Try calculating the 2.0408% (0.020408) to the power of 6.08333 instead of the 1.020408 and you realize that can't be the right answer.
The 1 represents the 100%, which is the base sum.
If you calculate the compound interest on something, you would have a base sum where you calculate the interest on, in this case represented by a 1 (or 100%).
After you calculated how much the interest is, or how much the sum has grown, you deduct the 1 (100%) to see how much the difference is.
Although I am not the best in explanations, so hopefully you get a bit clearer one soon!0 
but how to calculate 1.0204 to the power of 6.08333??
what do I do with the figures?
help please.0 
1.0204 to the power of 6.08333:
If you put it in an excel formula it would be:
=1.0204^6.08333
If you put it in your calculator, usually you put the 1.0204 in first and then look for the button with the Y with a little x next to it, or some other random letter. Not all calculators have this though and then put the 6.08333 in and hit =.
As to what to do with the figures, the result of 13.1% is the annual cost of giving a discount. Which can be used to compare it to for example the interest cost of a loan or an overdraft.
Hope that helps,
Rinske0 
hello Rinske,
thank you for your answer, however I do not have a calculator with this Y and x next to it  bottom,
is there any manual way of calculating it?

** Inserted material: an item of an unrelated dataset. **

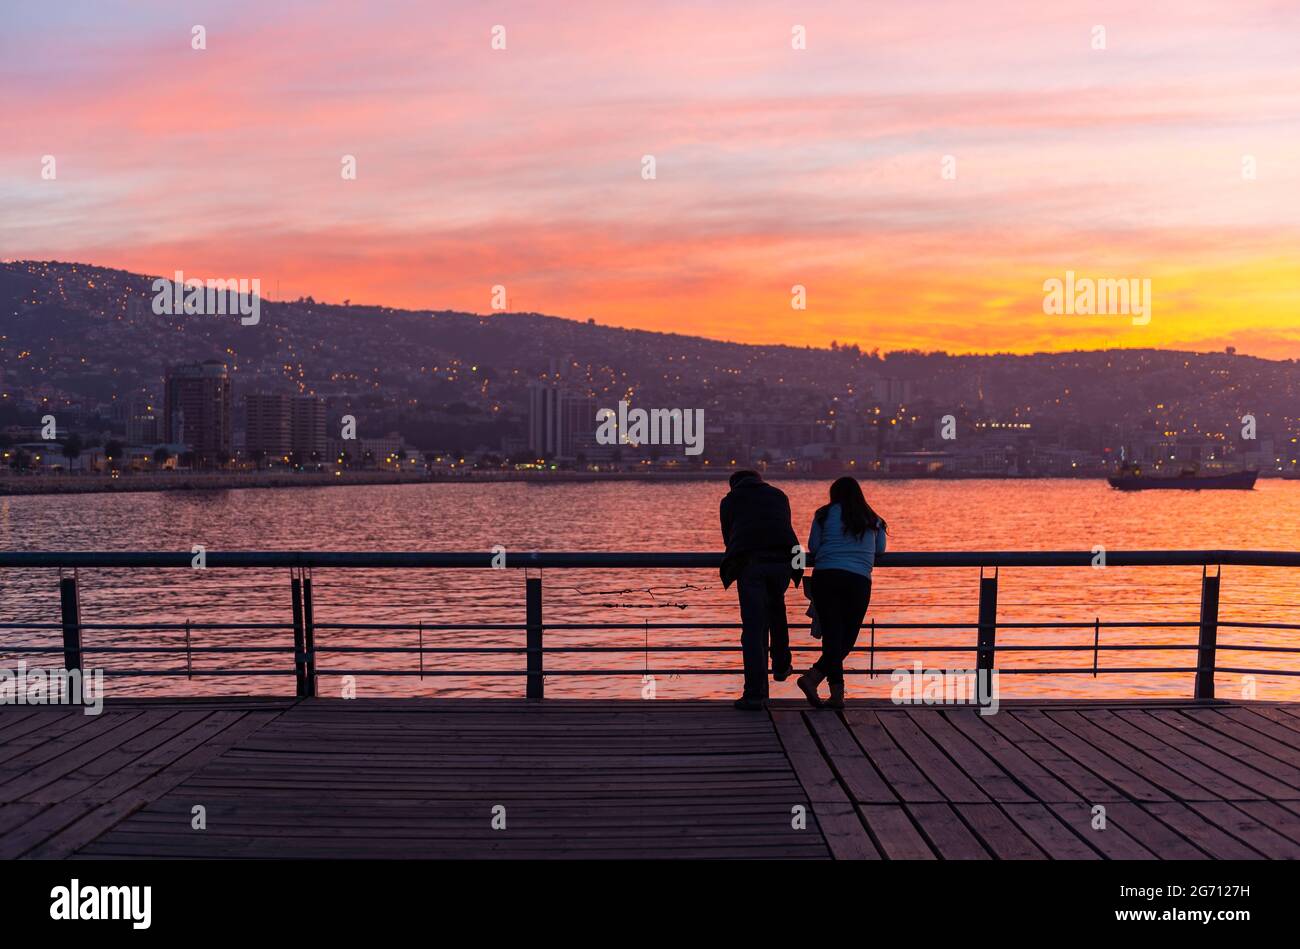 Lo skyline di Valpraraiso e la baia sull'Oceano Pacifico con una romantica coppia in primo piano godendo la vista al tramonto, Cile. Foto Stock
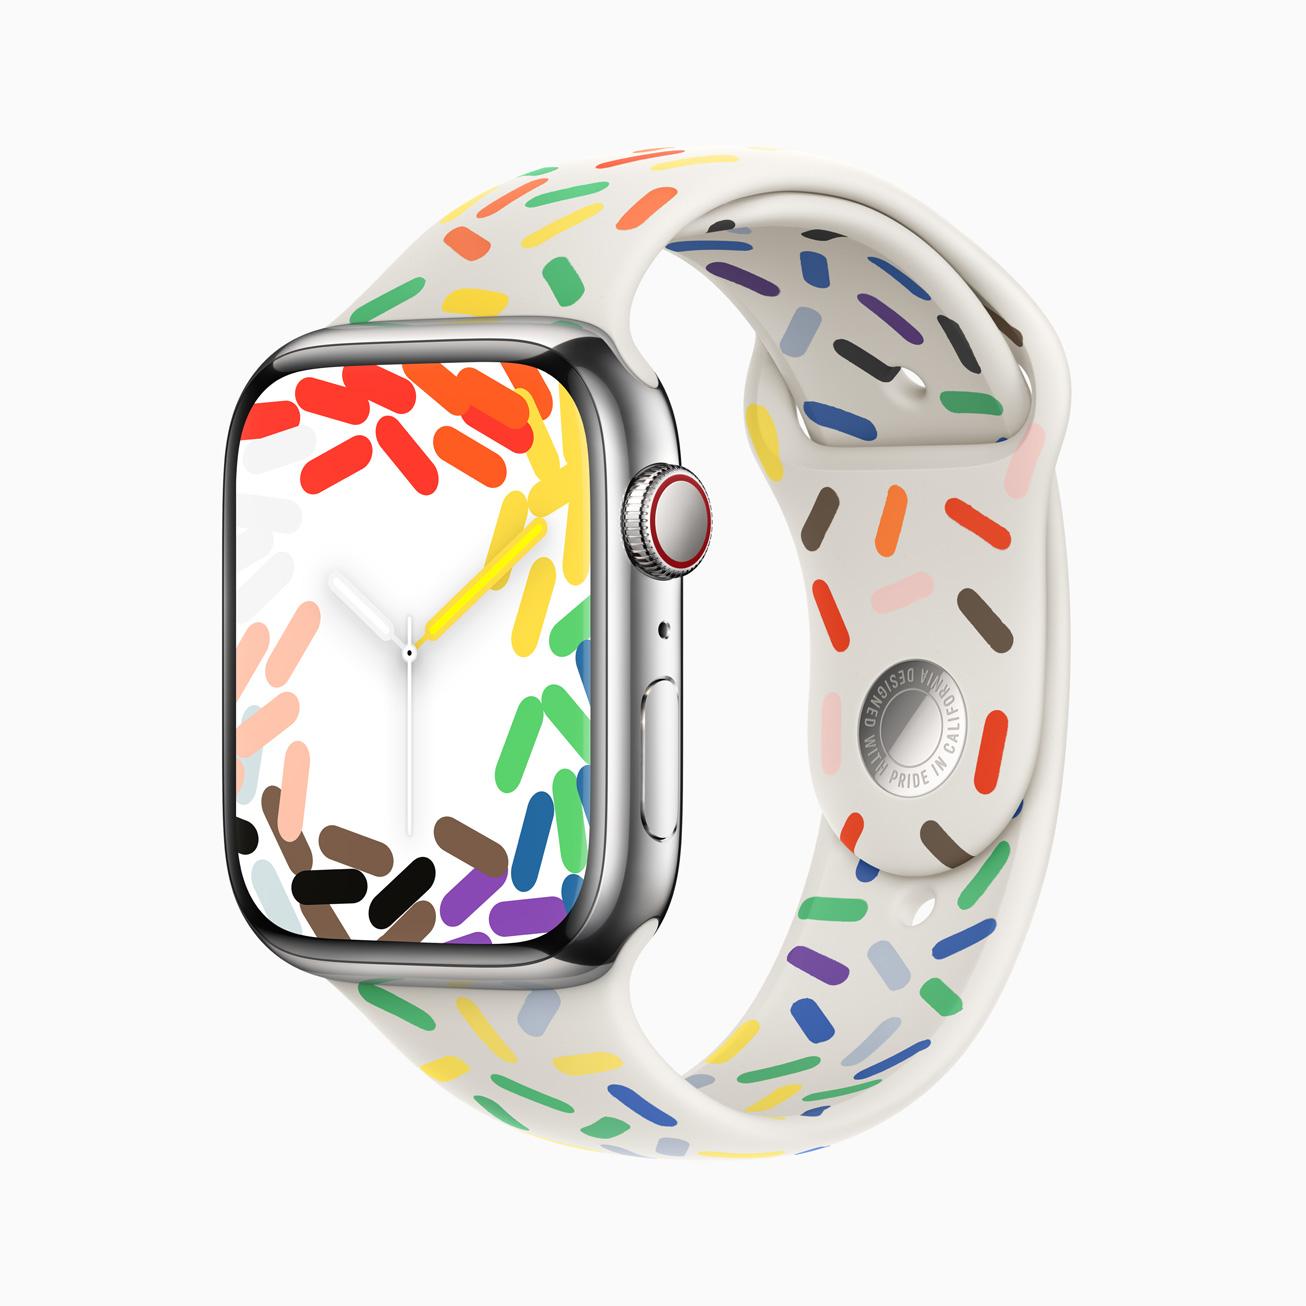 苹果持续力挺LGBTQ+ 推出全新Apple Watch Pride 运动型表带

I know that "to the power of"  ^  in maths lets say 2^2 = would be the same calculation as 2 squred, (2x2)
so analogically with my calculation = 1.0204^6.08333  would be: 1.0204 x 1.0204 x 1.0204 x 1.0204 x1.0204 x 1.0204)= which is 1.0204 to the power of 6,
what about the 0.08333 figure left?
what do I do with this?0 
I'm finding all this discussion of ^ "to the power of" a little bizarre. In the live paper you can do the simple calculation that doesn't take into account the effect of compound interest. The formula is:
d/100d x 365/ND x 100%
Where d = the amount of the discount offered
N = Normal settlement period in days
D = Settlement period for early payment
So, for example, a discount of 3% if paid within 7 days instead of 30 days would be:
3/97 x 365/23 = 49%
If you're using Osborne books it's on pages 182183.
Trust me, if you use this method it will be marked correct and saves all the hassle of trying to use fancy buttons on your calculator. I'm an assessor and I have the Unit 15 answer booklet in front of me so I KNOW it will be marked right!0 
I agree with coojee, this is the way in which i have been taught this formulae and is far easier to remember and use accurately.